> **The problem**: Return the full listing unchanged, apart from leaving out its images.

> **Collected data**:
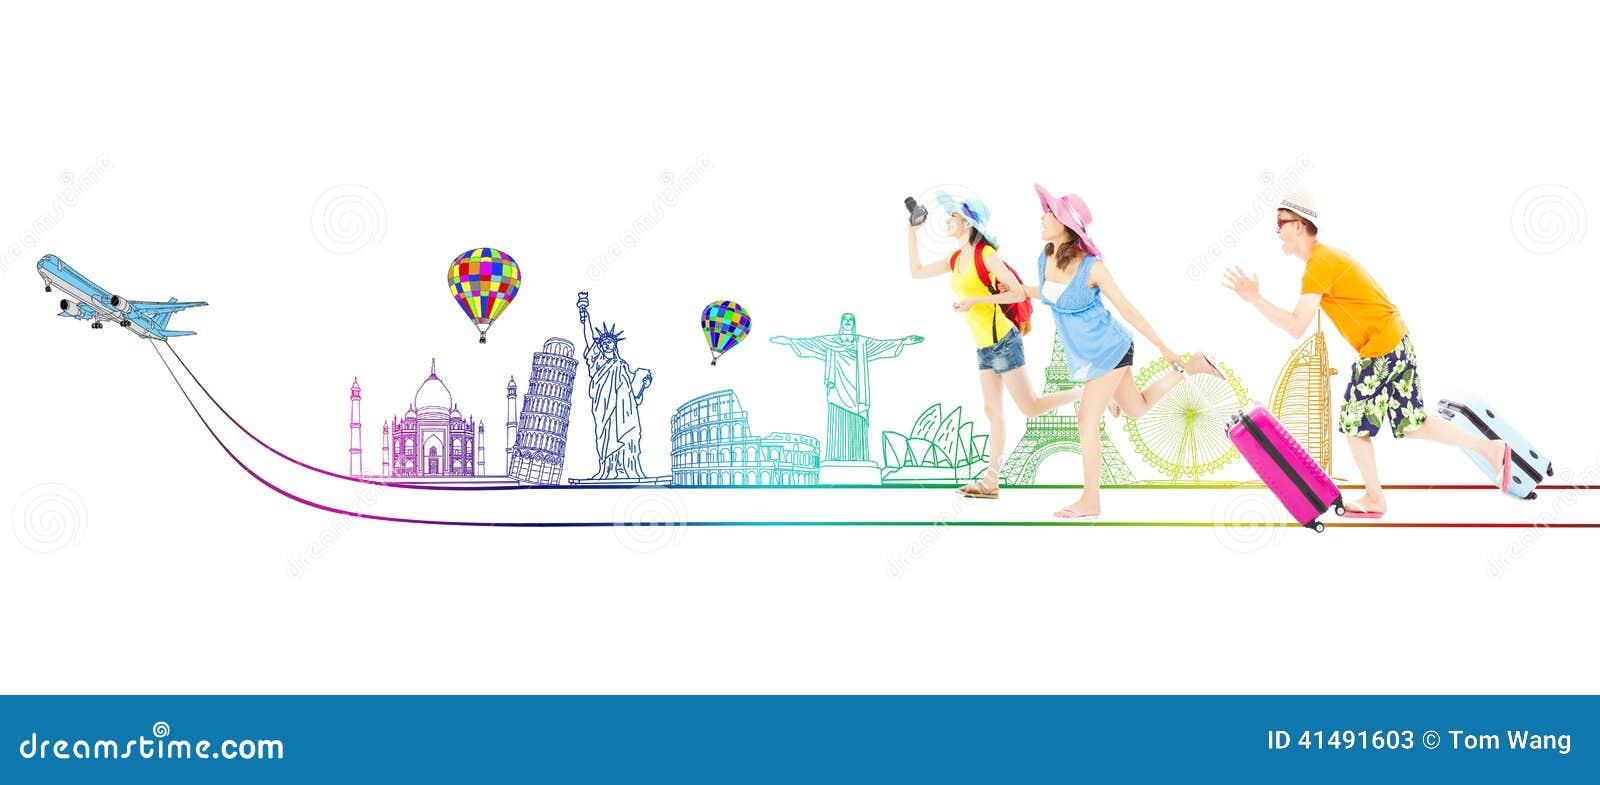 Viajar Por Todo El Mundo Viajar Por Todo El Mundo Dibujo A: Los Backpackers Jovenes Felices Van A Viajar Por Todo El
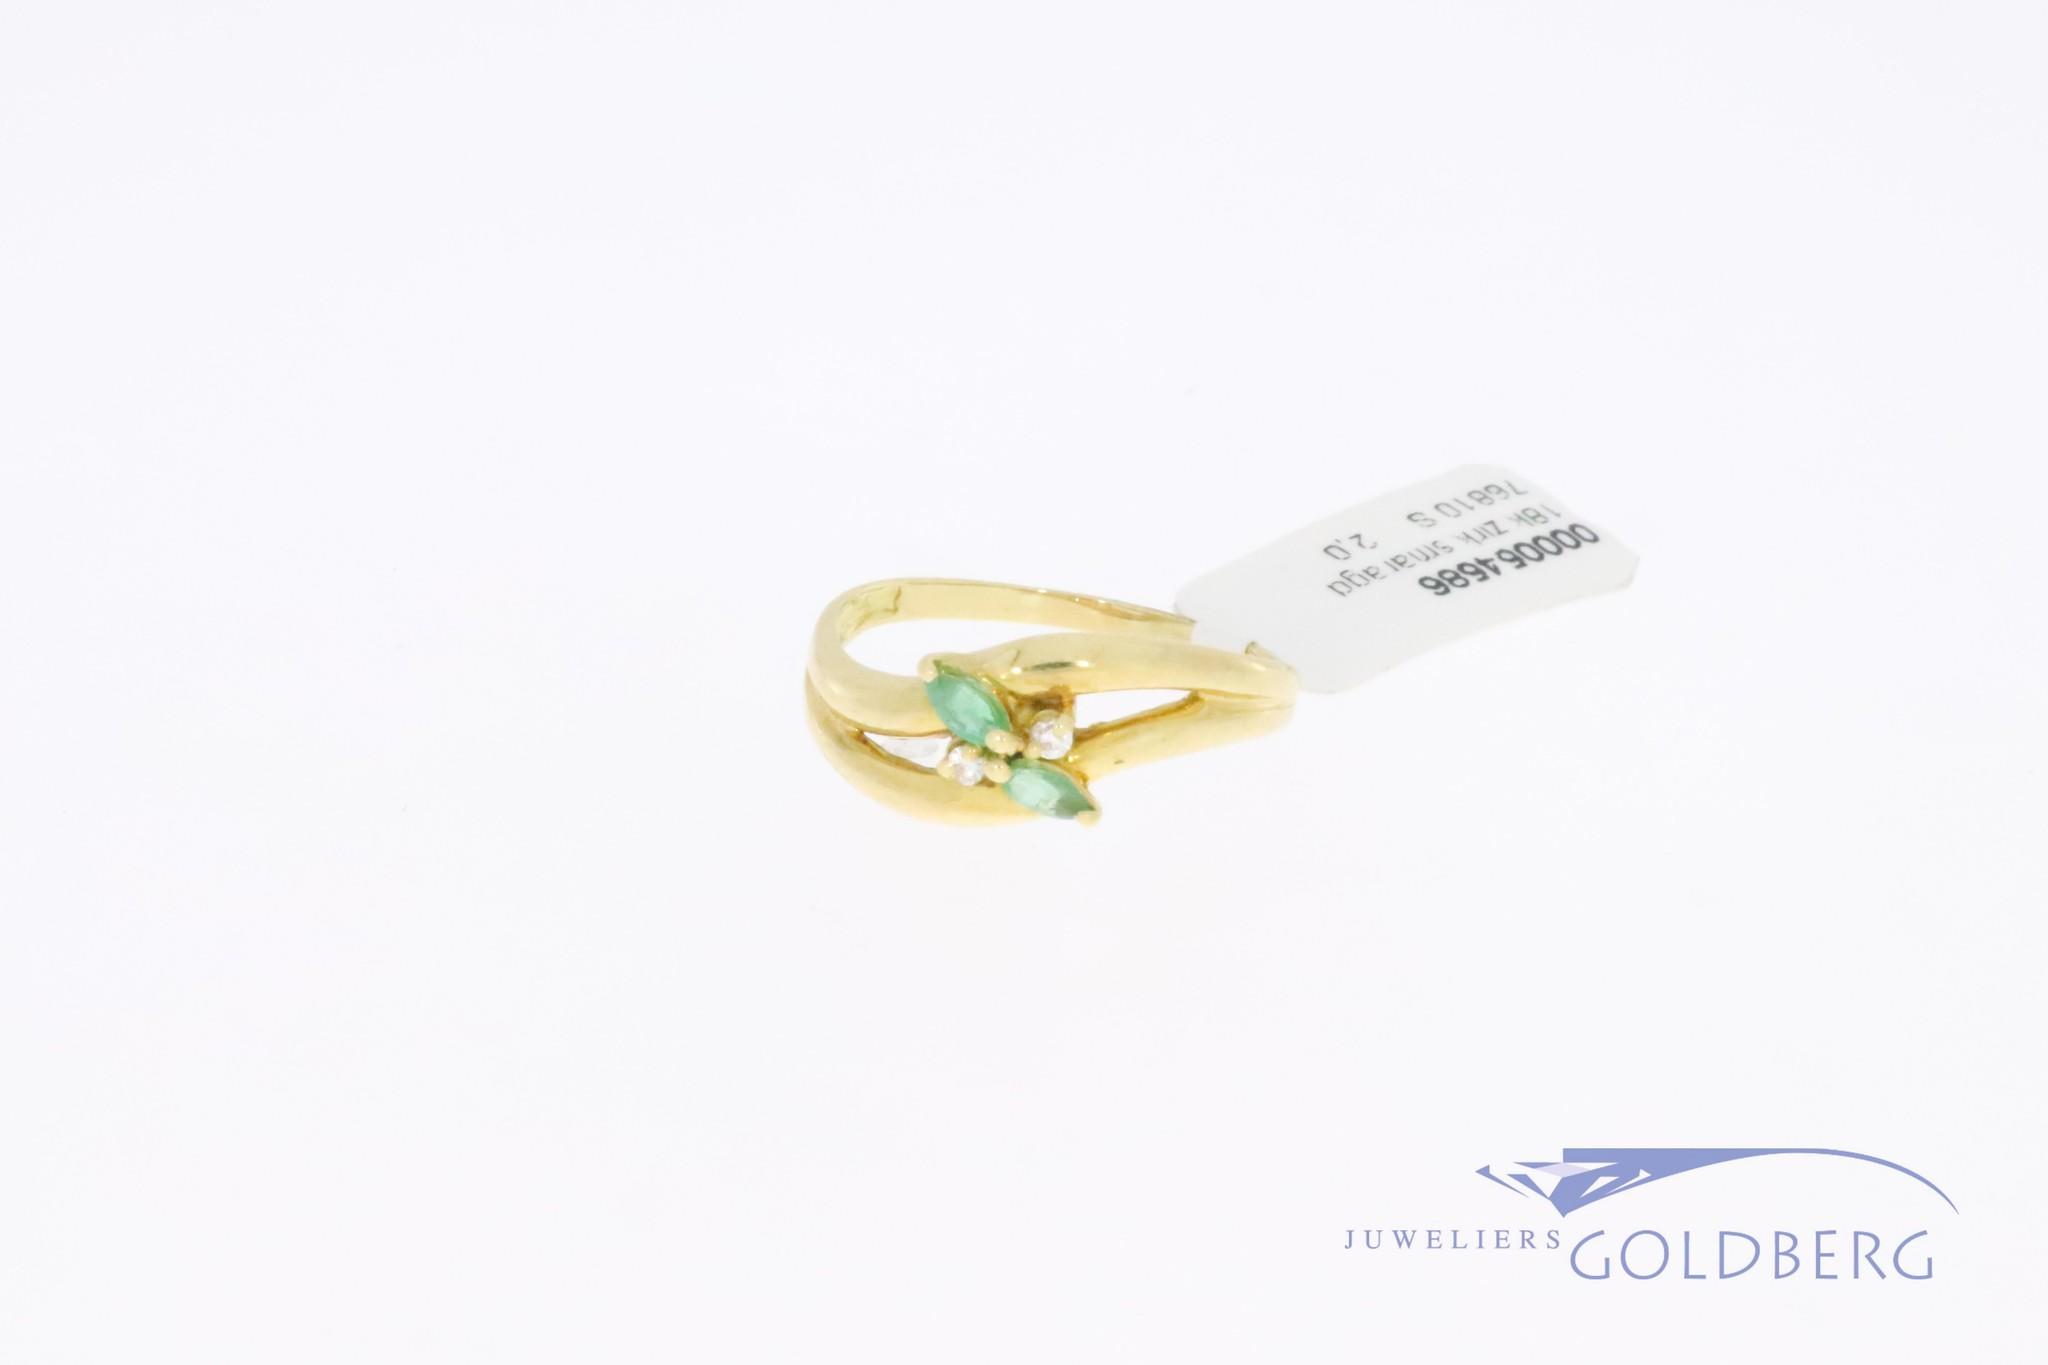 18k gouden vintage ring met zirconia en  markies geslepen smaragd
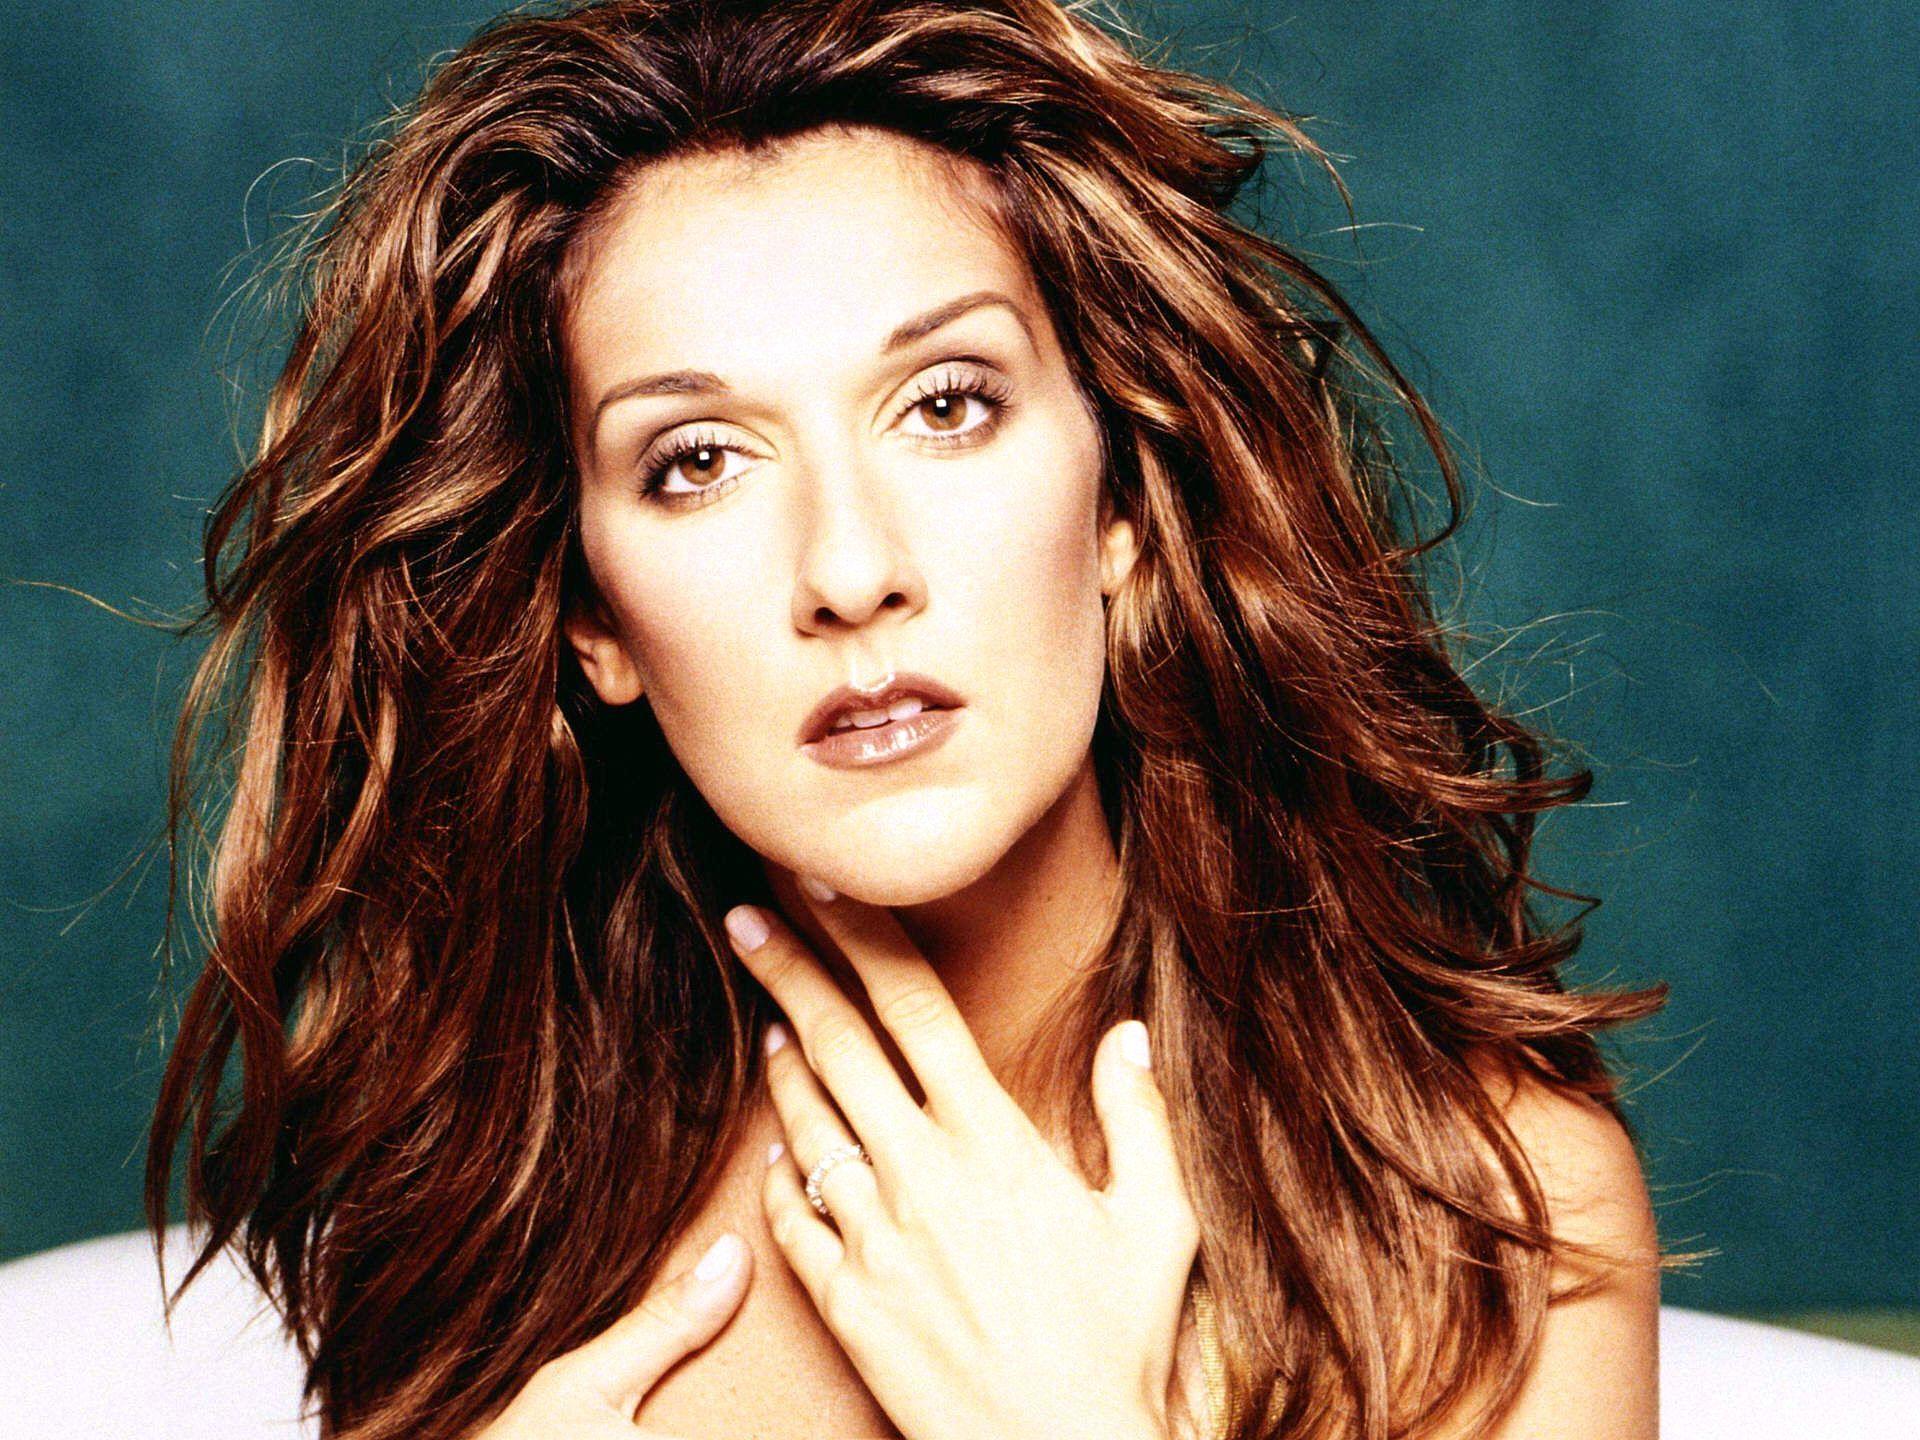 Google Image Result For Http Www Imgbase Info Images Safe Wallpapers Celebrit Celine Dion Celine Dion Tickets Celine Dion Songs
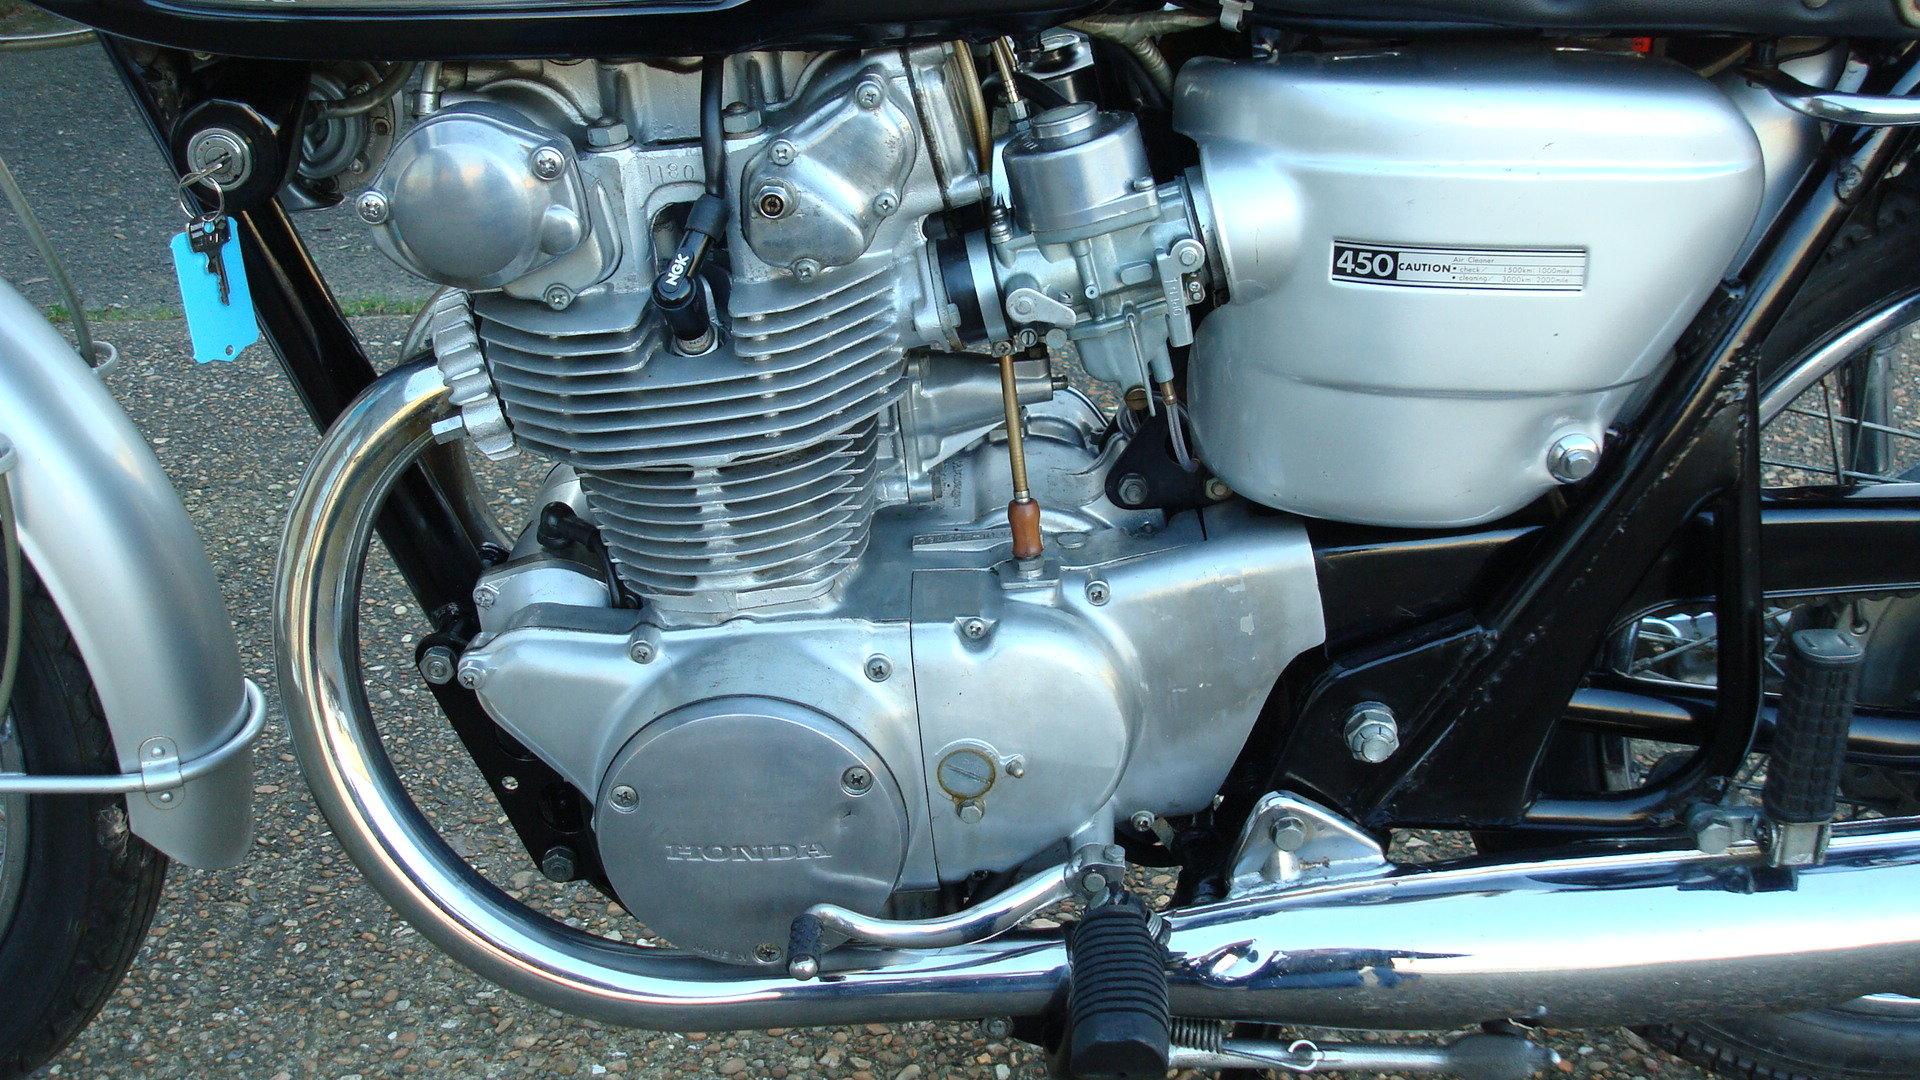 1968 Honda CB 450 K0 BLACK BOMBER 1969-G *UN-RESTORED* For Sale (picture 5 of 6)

> **Answer for the task**:
 Viajar Por Todo El Mundo Viajar Por Todo El Mundo Dibujo A: Los Backpackers Jovenes Felices Van A Viajar Por Todo El
 18k gouden vintage ring met zirconia en  markies geslepen smaragd
 Google Image Result For Http Www Imgbase Info Images Safe Wallpapers Celebrit Celine Dion Celine Dion Tickets Celine Dion Songs
 1968 Honda CB 450 K0 BLACK BOMBER 1969-G *UN-RESTORED* For Sale (picture 5 of 6)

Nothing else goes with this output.